On Fri, Jan 24, 2025 at 05:58:09AM +0000, Matthew Wilcox wrote:
> On Wed, Jan 15, 2025 at 10:58:54AM -0800, Joshua Hahn wrote:
> > On machines with multiple memory nodes, interleaving page allocations
> > across nodes allows for better utilization of each node's bandwidth.
> > Previous work by Gregory Price [1] introduced weighted interleave, which
> > allowed for pages to be allocated across NUMA nodes according to
> > user-set ratios.
> 
> I still don't get it.  You always want memory to be on the local node or
> the fabric gets horribly congested and slows you right down.  But you're
> not really talking about NUMA, are you?  You're talking about CXL.
> 
> And CXL is terrible for bandwidth.  I just ran the numbers.
> 
> On a current Intel top-end CPU, we're looking at 8x DDR5-4800 DIMMs,
> each with a bandwidth of 38.4GB/s for a total of 300GB/s.
> 
> For each CXL lane, you take a lane of PCIe gen5 away.  So that's
> notionally 32Gbit/s, or 4GB/s per lane.  But CXL is crap, and you'll be
> lucky to get 3 cachelines per 256 byte packet, dropping you down to 3GB/s.
> You're not going to use all 80 lanes for CXL (presumably these CPUs are
> going to want to do I/O somehow), so maybe allocate 20 of them to CXL.
> That's 60GB/s, or a 20% improvement in bandwidth.  On top of that,
> it's slow, with a minimum of 10ns latency penalty just from the CXL
> encode/decode penalty.
>

>From the original - the performance tests show considerable opportunity
in the scenarios where DRAM bandwidth is pressured - as you can either

1) Lower the DRAM bandwidth pressure by offloading some cachelines to
   CXL - reducing latency on DRAM and reducing average latency overall.

   The latency cost on CXL lines gets amortized over all DRAM fetches
   no longer hitting stalls.

2) Under full-pressure scenarios (DRAM and CXL are saturated), the
   additional lanes / buffers provide more concurrent fetches - i.e.
   you're just doing more work (and avoiding going to storage).

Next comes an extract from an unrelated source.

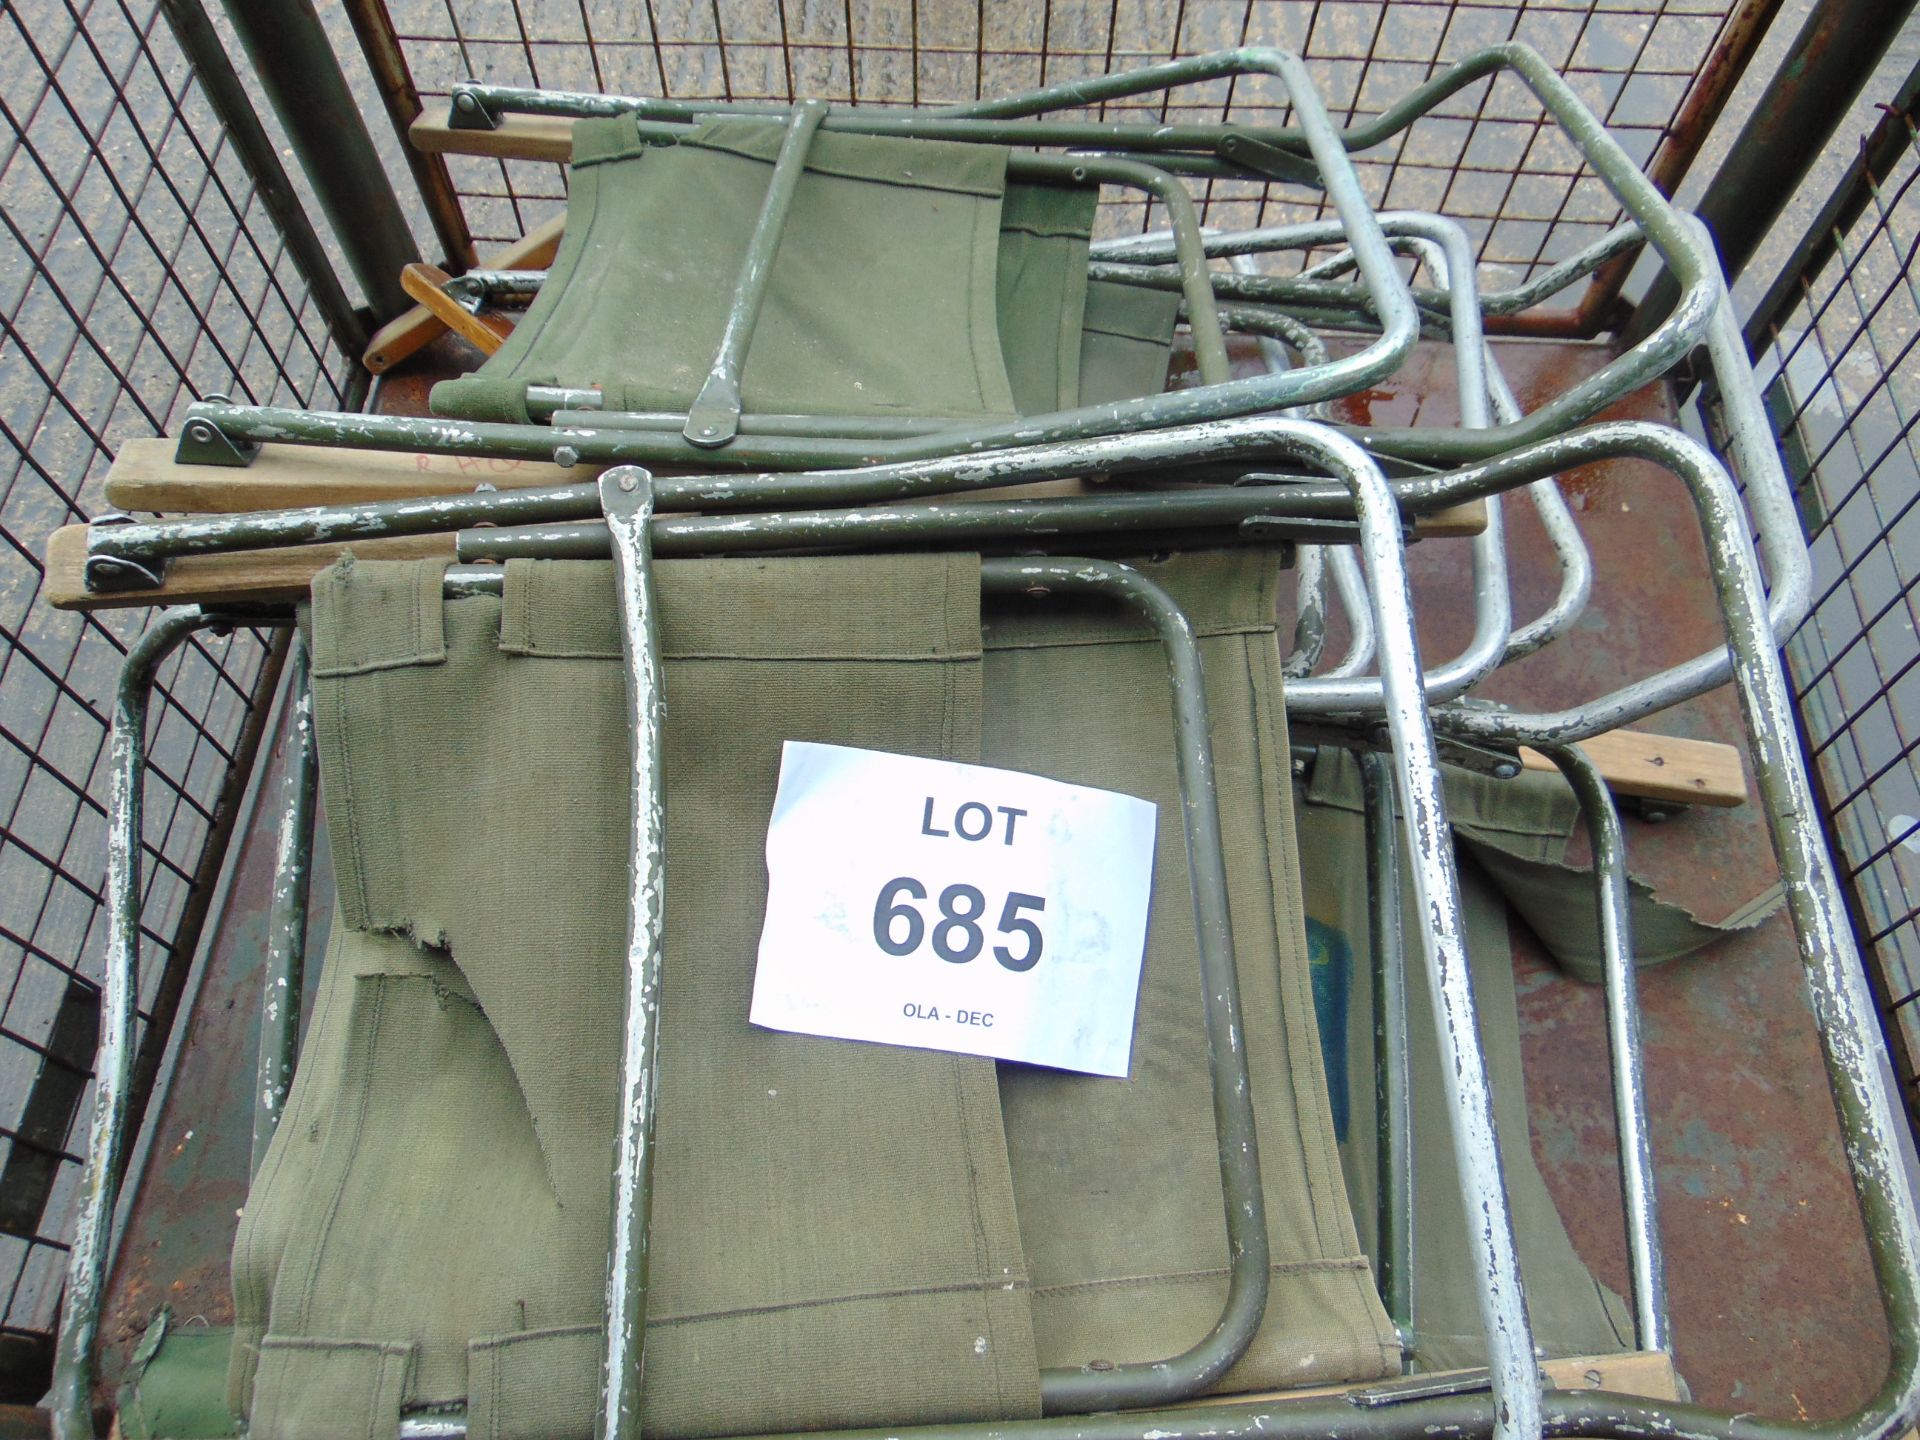 7 x Standard British Army Campin Chairs
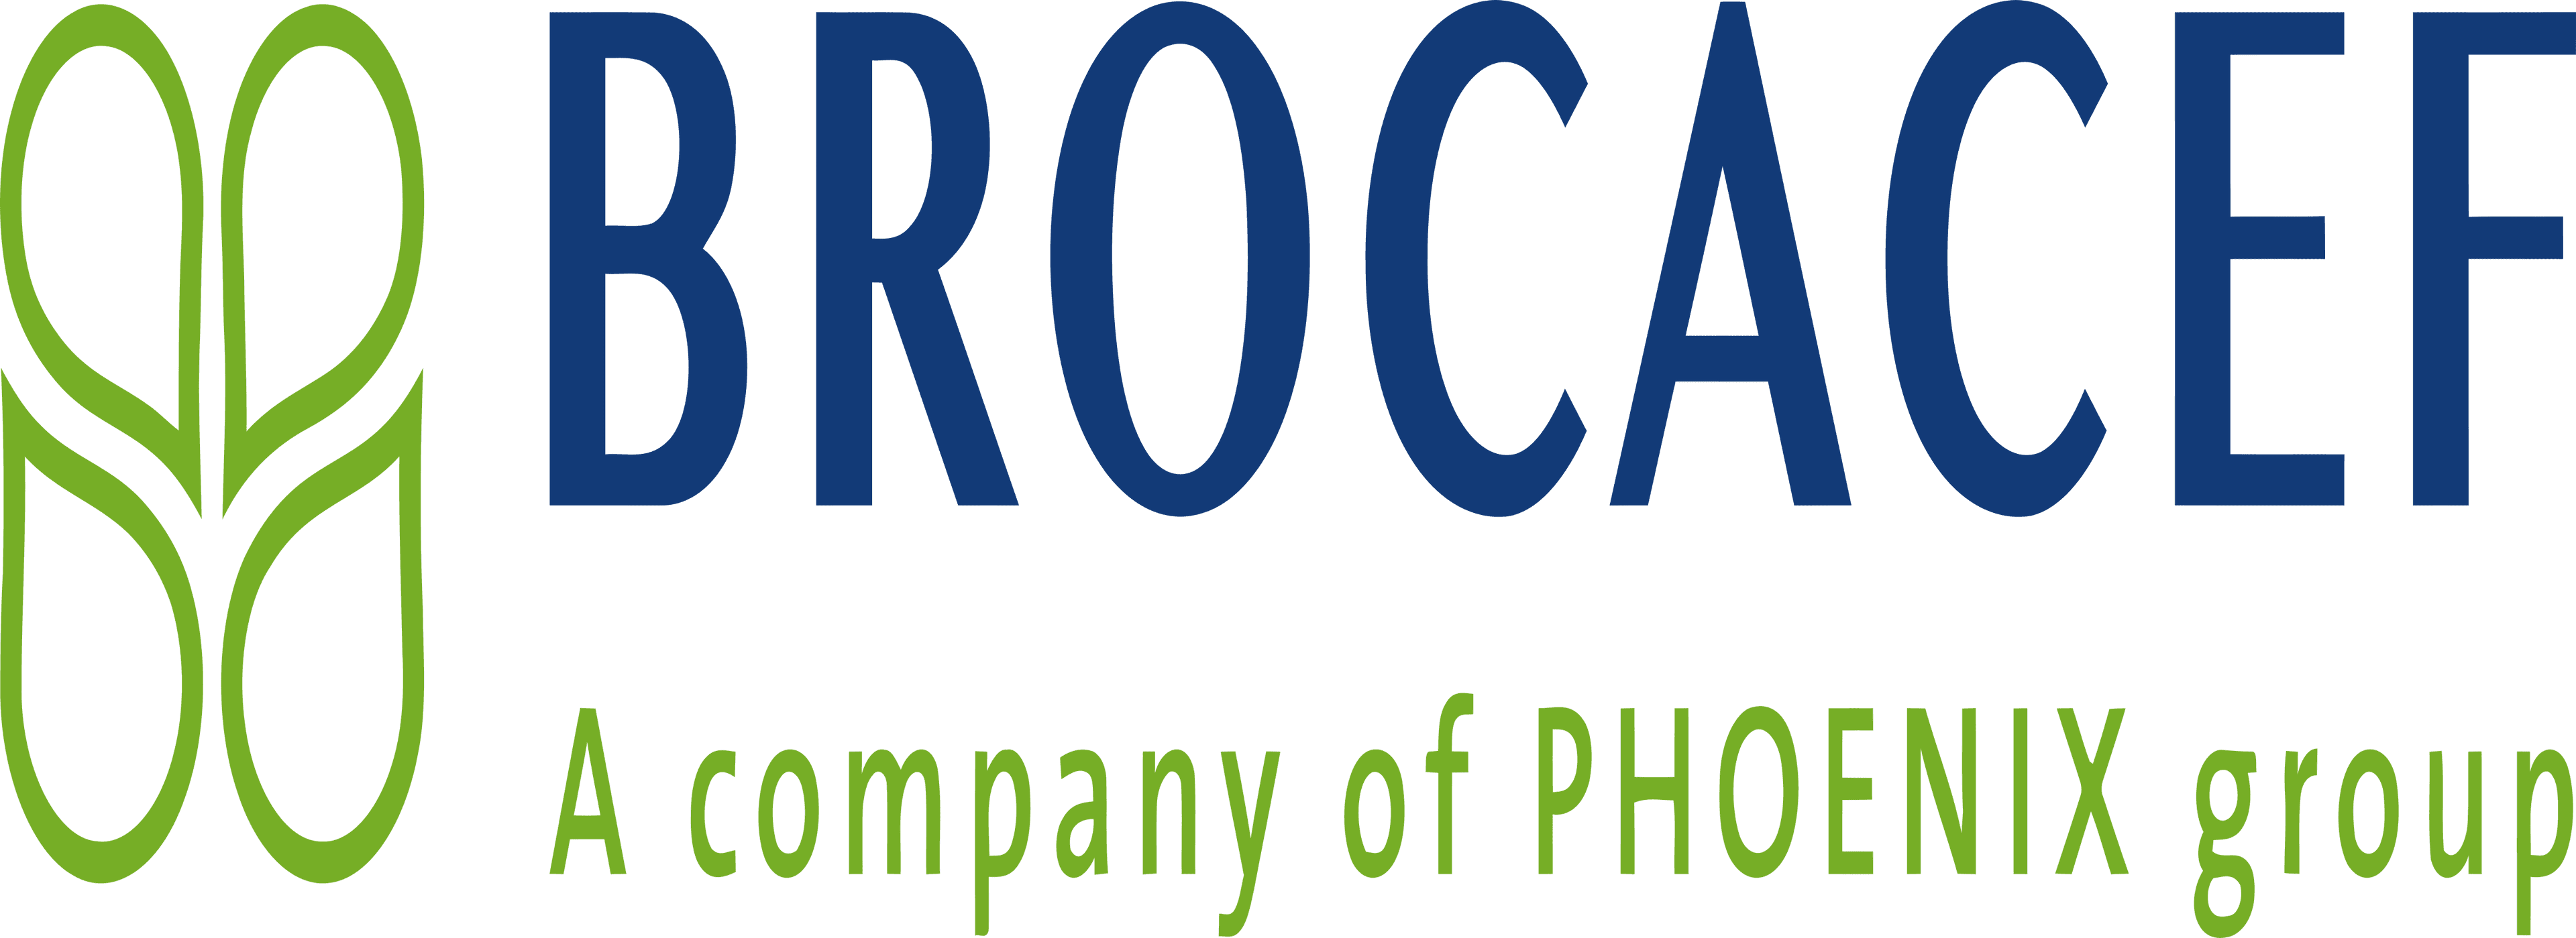 Brocacef-logo

   This is the weaker of the two scenarios.

No one is proposing we switch the default policy to weighted interleave.

= Performance summary =
(tests may have different configurations, see extended info below)
1) MLC (W2) : +38% over DRAM. +264% over default interleave.
   MLC (W5) : +40% over DRAM. +226% over default interleave.
2) Stream   : -6% to +4% over DRAM, +430% over default interleave.
3) XSBench  : +19% over DRAM. +47% over default interleave.

=====================================================================
Performance tests - MLC
>From - Ravi Jonnalagadda <ravis.opensrc@micron.com>

Hardware: Single-socket, multiple CXL memory expanders.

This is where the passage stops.